Matías era un loco, era el loco de la amurallada ciudad.
Los chiquillos se reían de Él, cuando no, lo arrojaban
toda clase de hortalizas por su aspecto y por las mentiras que contaba.
Ultimamente
Matías, narraba la historia de un barranco con un río en donde el oro
colgaba de los árboles y rojos rubíes estaban esparcidos por los suelos.
Todos se burlaban de Matías. Algunos le propinaban
patadas que le hacían rodar entre el barro y los cerdos que poblaban la calle.
Hasta el obispo, llegaron los embustes del loco Matías,
pero éste tocado por la avaricia no se tomó a la ligera esta nueva, y mandó que se
lo trajeran para oir de su propia boca la
supuesta atrocidad.
Matías, dió toda clase de lujosos detalles sobre el
sitio. Dijo que una vez al año poco después del tórrido verano el barranco se
engalanaba con tesoros jamás vistos, pero que Él no había vuelto hasta allí por
no disponer de medios para tan costoso viaje. El deseo de Matías, es que su cuerpo descansase
eternamente allí.
El Obispo ofreció a Matías llevarlo gustoso Él mismo al lugar, si le permitía acompañarlo porque su deber como representante de Dios
era ayudar a los pobres. Más nadie debía saber nada del viaje para no fomentar
el pecado que los hombres pudiesen cometer ante tales riquezas.
Matías así lo prometió.
En realidad su excelencia había urdido un plan. Una vez
allí, si lo del tesoro era cierto asesinaría a Matías para que nunca pudiese
llevar a nadie más. Y si era mentira también tendría que matarlo para que su reputación
no fuese mancillada como consecuencia de las historias de un loco.
Sin más se pusieron en marcha y tras dos meses de duro
cabalgar la comitiva llegó al lugar.
El barranco en el momento de su máximo explendor lucía
en cada árbol el color amarillento del oro más puro.
La luz, se reflejaba en cada hoja dando a las paredes
un aspecto celestial como si entre sus rayos pudiesen andar los ángeles. El río
estaba teñido de toda la gama de dorados colores y un cervatillo cercano bebía
con fluidez mientras estos se reflejaban en sus grandes pupilas.
Puñados de arces teñían de rojos lunares, las laderas e incluso cornisas de las piedras donde
anidaban reyezuelos y azulados arrendajos.
La paz aquí , se teñía de amarillo.
Y también lo hicieron los ojos del obispo.
La guardia esperaba la orden para ejecutar a Matías,
cuando vieron trepar a una pequeña roca a monseñor.
Entonces el obispo abrió la boca y empezó a dar gracias
a Dios por tanta hermosura, habló con tanta pasión sobre la benevolencia del
Señor, puso tanto énfasis en sus oraciones,
alabó tanto la creación de ese lugar y de cómo Matías, mensajero de Dios
había sido designado para llevarlos hasta allí, que los guardias y toda la
comitiva cayeron de rodillas rezando fascinados por la belleza del lugar y por
las hermosísimas palabras del representante de la iglesia.
Se ordenó la construcción de un monasterio excavado en
la mismísima roca para que ningún árbol sufriese daño.
Allí el obispo se retiro en oración y meditación el
resto de su longeva y desde entonces feliz vida.
Matías murió dos días después de la inauguración del
santo sitio.

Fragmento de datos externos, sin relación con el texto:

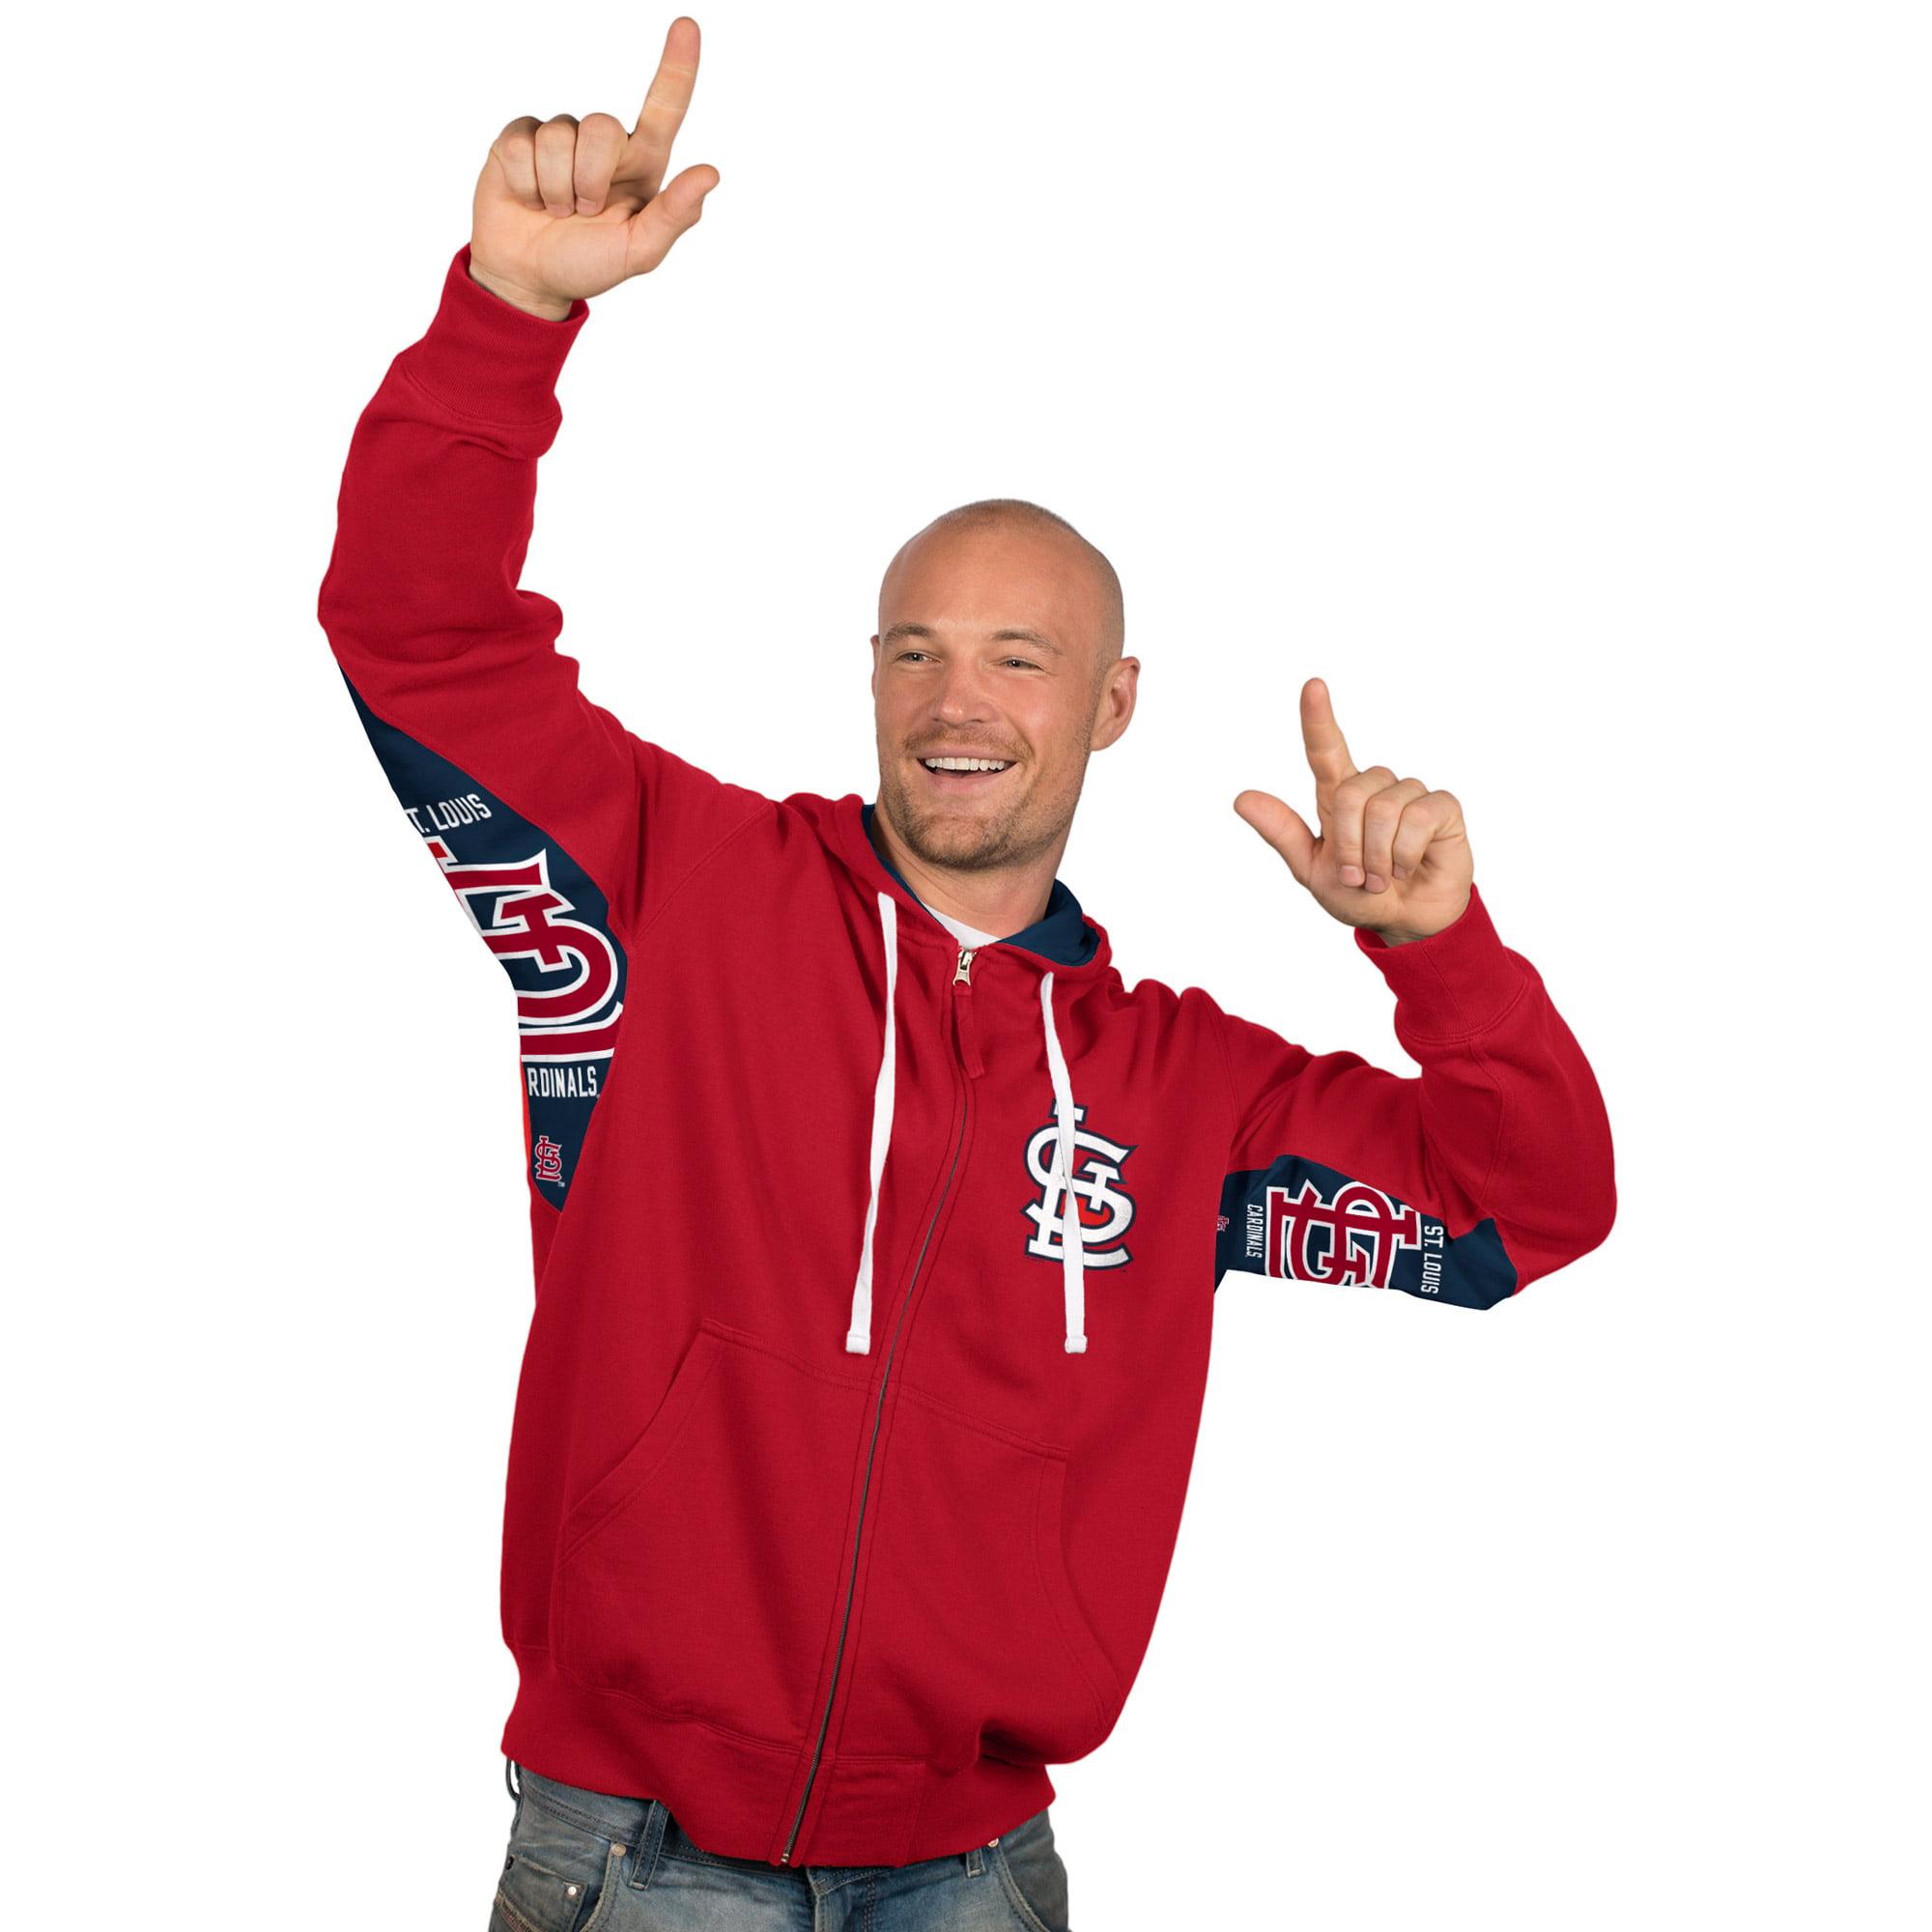 St. Louis Cardinals Hands High Full Zip Hoodie - Red

Tal y como él mismo pidió su cuerpo descansó allí pero lo hizo, en una urna de cristal donde cada otoño miles
de hojas besaban su incorrupto cuerpo reflejadas en el vidrio.
Nadie se explica como dicho ataúd sigue con reflejos
amarillos a pesar del paso del tiempo y en cualquier época del año.
Muchos apuntan que así es porque Dios concedió a Matías
el color del valle en su corazón.
Matías, el del
tesoro en los árboles, el loco del
barranco......... el del corazón de oro.
Cuando le enseño este relato a Mar ésta me mira y me dice:
"hay que ver lo que este ateo se acuerda de Dios"
A lo que contesto:
"Es que soy ateo gracias a Dios"
Ella en su inmensa sabiduría termina con la réplica:
"Y a la Santa Madre Iglesia cariño, y a la Santa Madre Iglesia".
HACEDME EL FAVOR DE SER FELICES KARRAS.